First, there are any number of stories where the events portrayed are improbable or impossible in the real world. This can be because the genre is science fiction or fantasy, because sloppy writing lead to plot holes and poor fact checking, or because the book was written back when people thought spontaneous human combustion was a thing. I could do a whole blog on those issues alone, so now that I’ve acknowledged them, I’m going to ignore them to keep this post simple.
Second, humans are not particularly well suited to figuring what reality actually is. There are vast swathes of the spectrum of light that we cannot see, as well as sounds we can’t hear, scents we can’t smell, and things we cannot taste or touch without physical damage. We cannot experience events before our births or after our death, and within our lives we can only visit a limited number of places in the universe. On top of that, our memories are flawed, reports from others can be biased, and any inferences we make must ultimately be based on one or more of those limited, flawed sources of knowledge. As a result, our own ideas about reality evolve constantly and will always disagree with the ideas of someone else.
This is why it is useful to debate and compare our different interpretations of a story. Stories are little models of reality; pretty, self-contained dioramas of what the author thinks real life is like. This gives the rest of us something tidy and consistent and to look at together. We then compare it to our images of reality, we all share the results, and we have a new means to figure out where we disagree and why.
There is still plenty of room for subjective interpretations. For example, in the beginning of Frozen, Elsa’s parents try to teach her to control her powers, while isolating her from the rest of the kingdom. I saw parents whose intentions were good, but who ultimately did more damage by encouraging her to feel ashamed, isolated and repressed. Then I watched Confused Matthew’s review, and he saw a plan to give her the space to figure herself out in private, and step two would be teaching her to reintegrate into society. To him, the tragedy is that, if they had been able to continue, things might have turned out just fine.
Neither of our interpretations are more rooted in the film than others. They rely on assumptions about alternate futures and the parent’s knowledge and intentions, which we can only guess at, based on a short song montage. I don’t think either one is more realistic, either. The real world contains both parents who might handle that kind of problem well, and ones who might handle it terribly, despite the best of intentions. If Confused Matthew and I sat down together and compared our views, we would learn something interesting about each other, about our biases and experiences, but neither of us would walk away feeling that our own interpretation was wrong, or that the other’s was right.

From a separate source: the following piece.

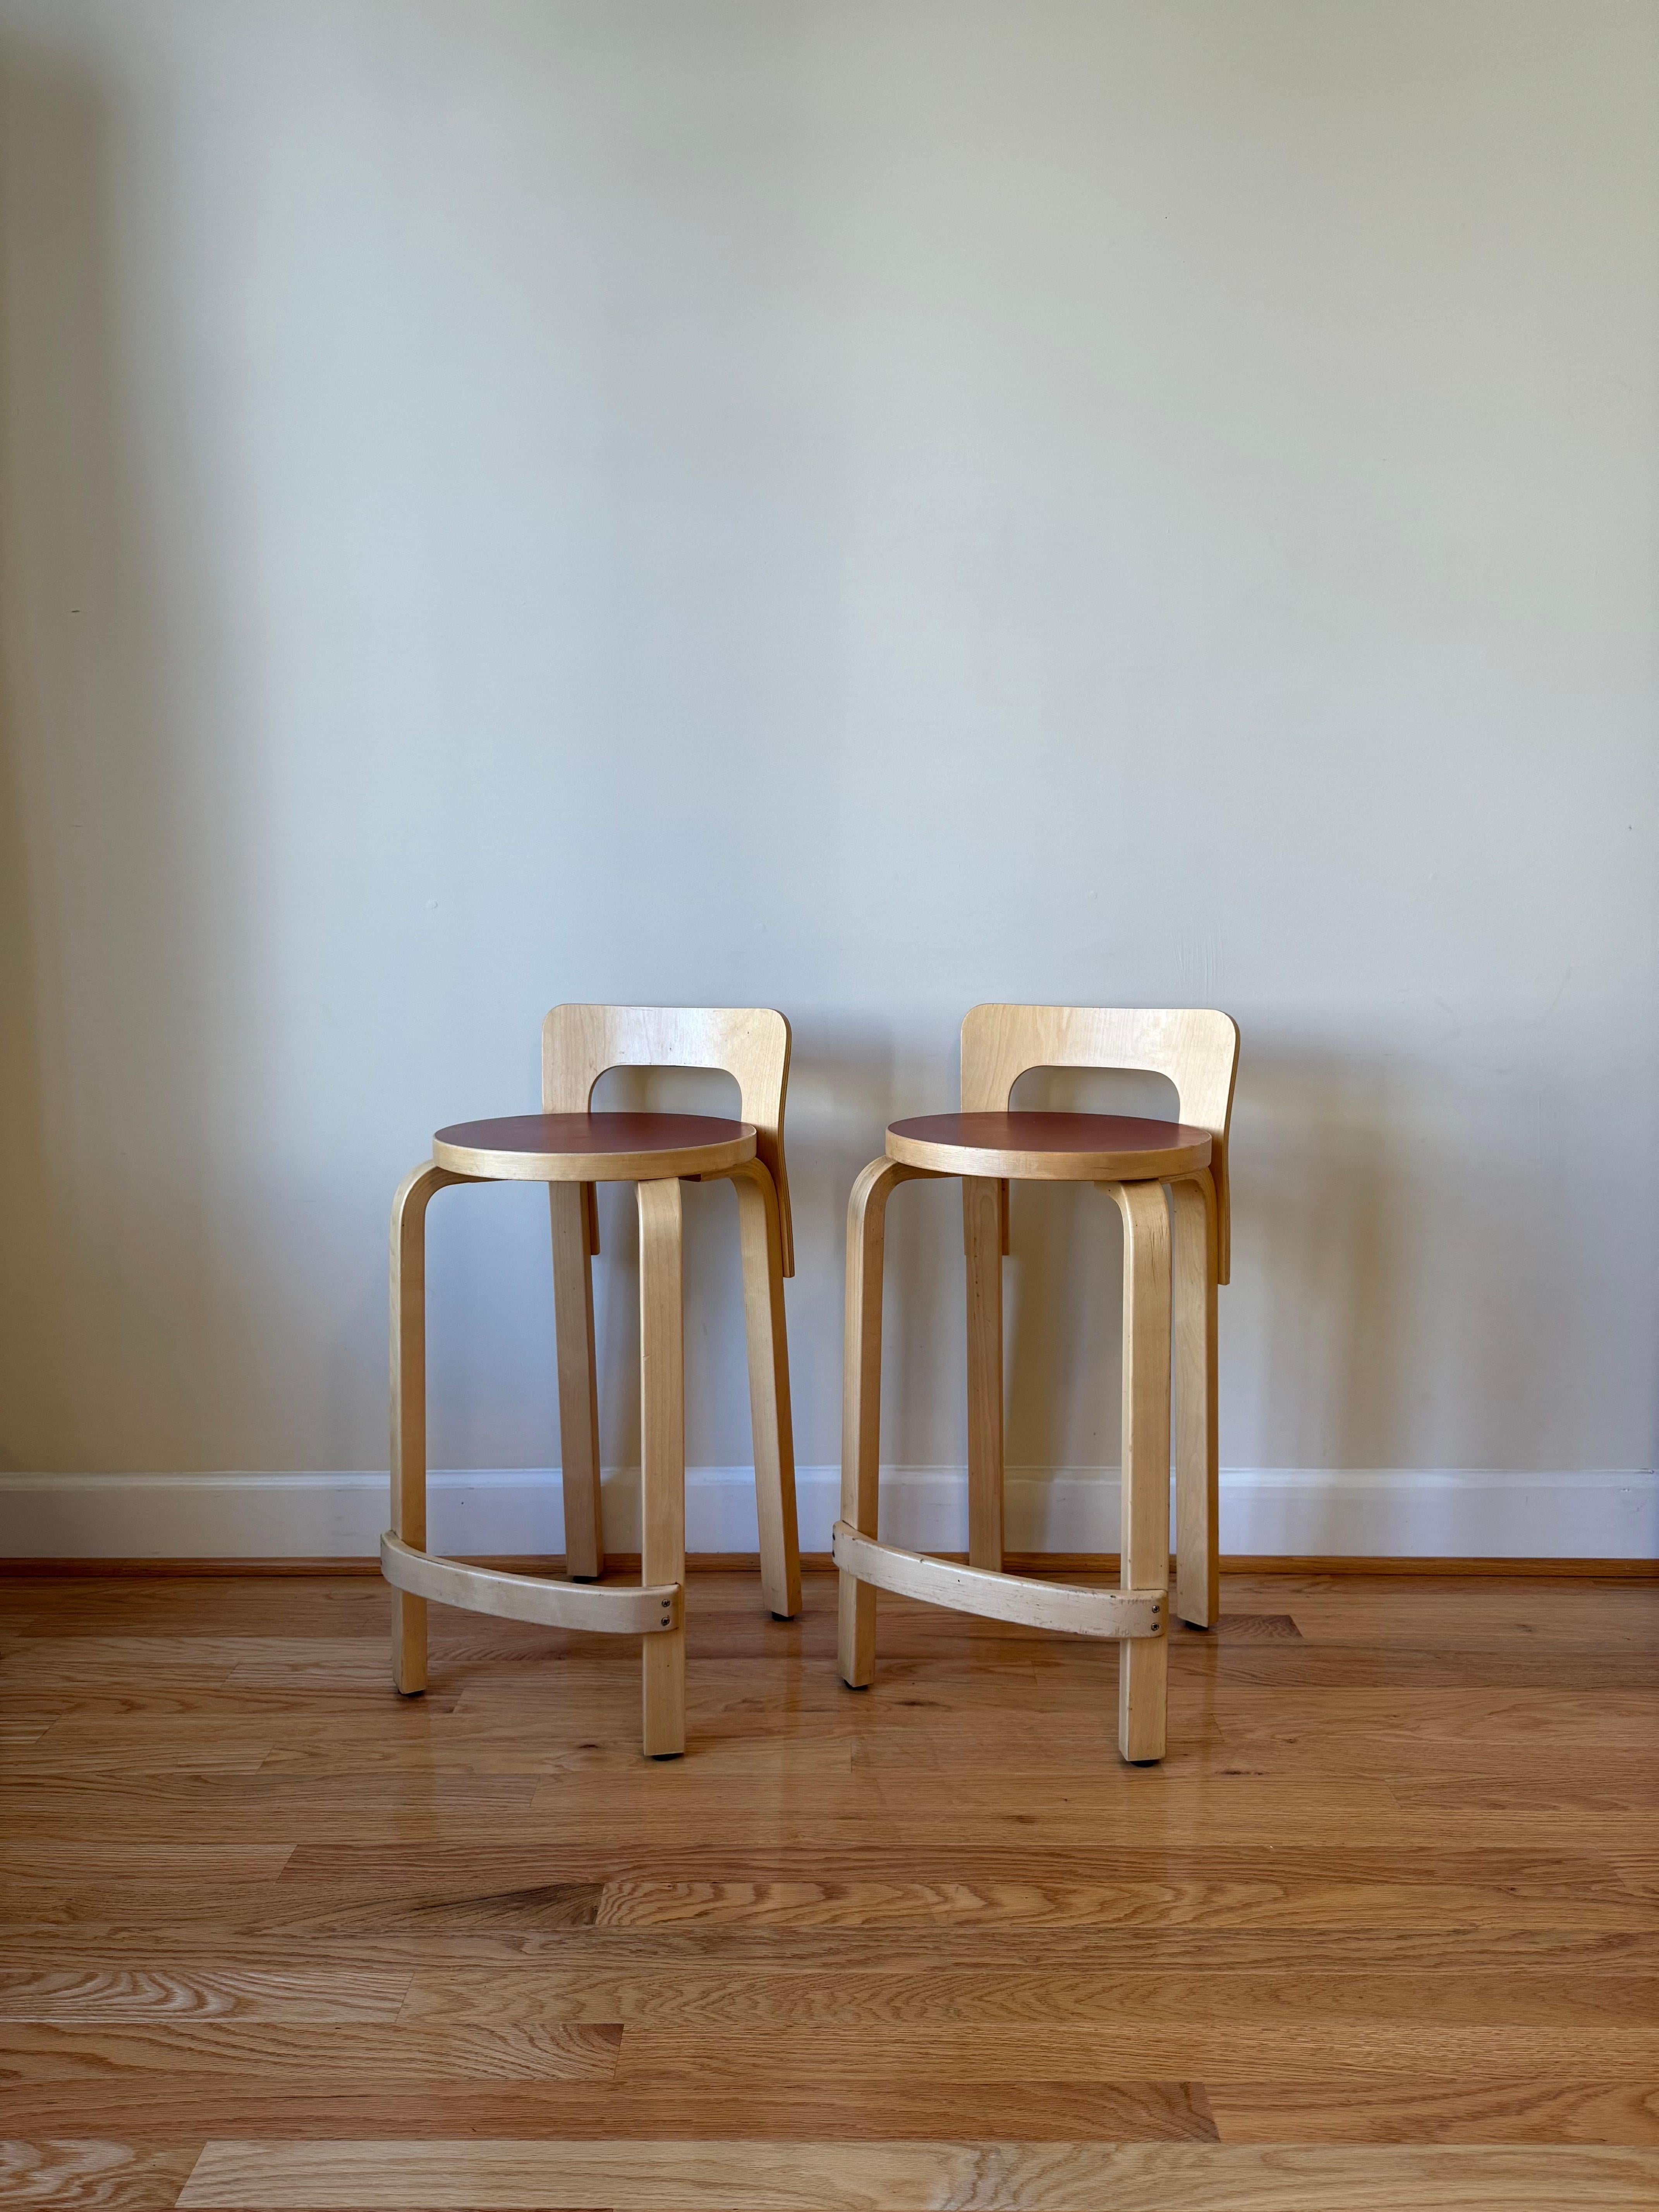 Der langbeinige High Chair K65 von Alvar Aalto hat die optimale Höhe für Stehtische und Bartresen. Die niedrige Rückenlehne bietet genau die richtige Unterstützung für den Rücken, und die gebogene Schiene dient als perfekte Fußstütze. 
Als Teil der

I am not a relativist. I think that there is an objective reality out there, and the history of human science and philosophy is the history of a tiny, fragile little race fumbling out to grasp hold of it. I like thinking about what stories mean because I think they are part of that history, and I wish we had a better common language to help us discuss them on the same terms. So I offer up these basic rules of thumb as a candidate.
What do you think? Am I making sense? How objective or subjective do you think stories are?